Polymers are highly affected by moisture and temperature in terms of reliability of packaging. Especially, interface delamination between dissimilar materials with polymer is one of the major issues to the structural integrity and reliability, which is affected significantly by temperature and moisture concentration. In this paper, moisture absorption characteristics and thermo-mechanical delamination of semiconductor packages were predicted by finite element analysis considering moisture and temperature changes during the reflow process simultaneously based on a home-made user's subroutine. To implement the delamination through finite element analysis, moisture absorption experiments were conducted to evaluate hygroscopic properties (diffusivity, concentration) of the package material with different relative humidities (RH) and temperatures. In addition, adhesion strength of bi-material was evaluated by a micro-scale shear test. The measured adhesion strength of bi-material such as Epoxy molding compound (EMC)/Chip, Chip/substrate, and substrate/EMC were implemented in the user's subroutine with respect to the moisture concentration and temperature. The user's subroutine based finite element analysis code was developed to analyze the combined effect of hygroscopic and thermal deformation. As a result, interface delamination was successfully predicted considering the in-situ moisture desorption and temperature increase during the reflow process and interfacial failure strength considering the temperature and moisture concentration.

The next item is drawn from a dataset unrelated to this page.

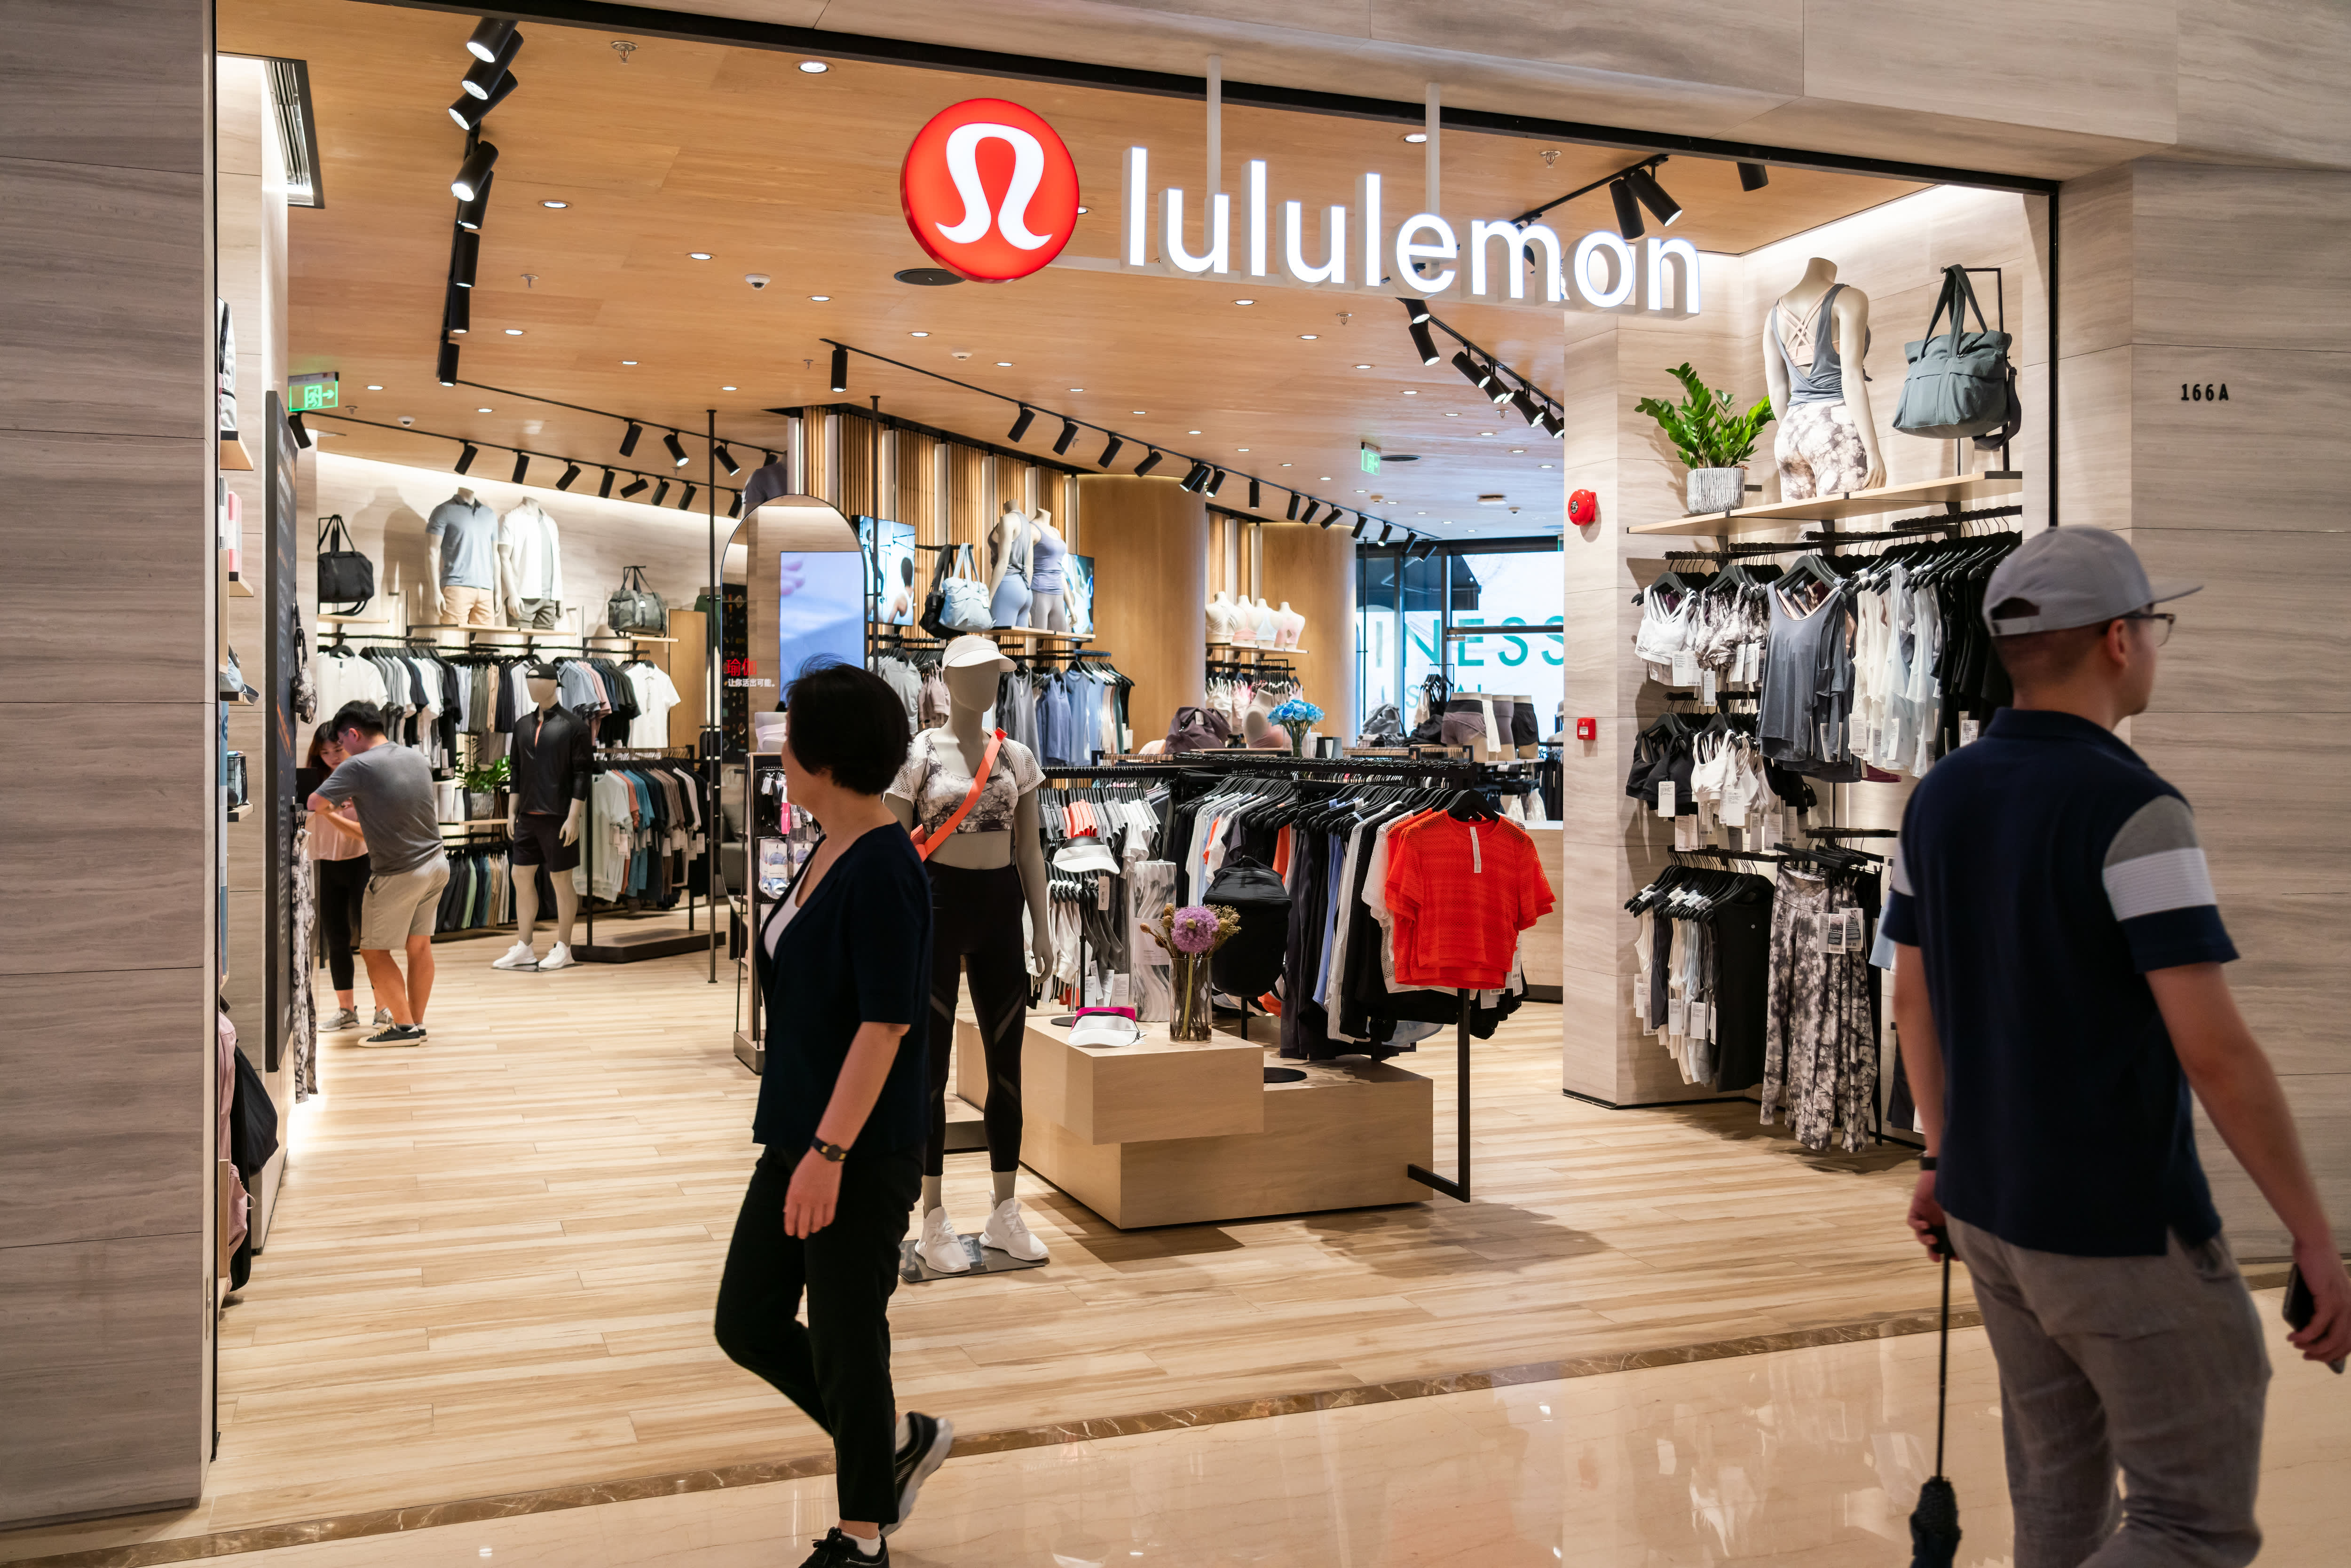 Lululemon shares on pace for all-time high after monster earnings report

就包装的可靠性而言，聚合物受湿度和温度的影响很大。特别是，异种材料与聚合物之间的界面分层是结构完整性和可靠性的主要问题之一，而结构完整性和可靠性会受到温度和水分浓度的显着影响。本文通过有限元分析，根据回流焊过程中的水分和温度变化，基于自制用户的子程序，通过有限元分析预测了半导体封装的水分吸收特性和热机械分层。为了通过有限元分析实现分层，进行了吸湿实验，以评估具有不同相对湿度（RH）和温度的包装材料的吸湿性能（扩散率，浓度）。另外，通过微型剪切试验评价了双材料的粘合强度。相对于湿气浓度和温度，在用户的子例程中实现了对双材料（如环氧模塑化合物（EMC）/芯片，芯片/基材和基材/ EMC）的粘合强度的测量。开发了基于用户子程序的有限元分析代码，以分析吸湿变形和热变形的综合影响。结果，考虑到回流过程中的原位水分解吸和温度升高以及考虑温度和水分浓度的界面破坏强度，可以成功预测界面分层。相对于湿气浓度和温度，在用户的子例程中实现了对双材料（如环氧模塑化合物（EMC）/芯片，芯片/基材和基材/ EMC）的粘合强度的测量。开发了基于用户子程序的有限元分析代码，以分析吸湿变形和热变形的综合影响。结果，考虑到回流过程中的原位水分解吸和温度升高以及考虑温度和水分浓度的界面破坏强度，可以成功预测界面分层。相对于湿气浓度和温度，在用户的子例程中实现了对双材料（如环氧模塑化合物（EMC）/芯片，芯片/基材和基材/ EMC）的粘合强度的测量。开发了基于用户子程序的有限元分析代码，以分析吸湿变形和热变形的综合影响。结果，考虑到回流过程中的原位水分解吸和温度升高以及考虑温度和水分浓度的界面破坏强度，可以成功预测界面分层。开发了基于子程序的有限元分析代码，以分析吸湿变形和热变形的综合影响。结果，考虑到回流过程中的原位水分解吸和温度升高以及考虑温度和水分浓度的界面破坏强度，可以成功预测界面分层。开发了基于子程序的有限元分析代码，以分析吸湿变形和热变形的综合影响。结果，考虑到回流过程中的原位水分解吸和温度升高以及考虑温度和水分浓度的界面破坏强度，可以成功预测界面分层。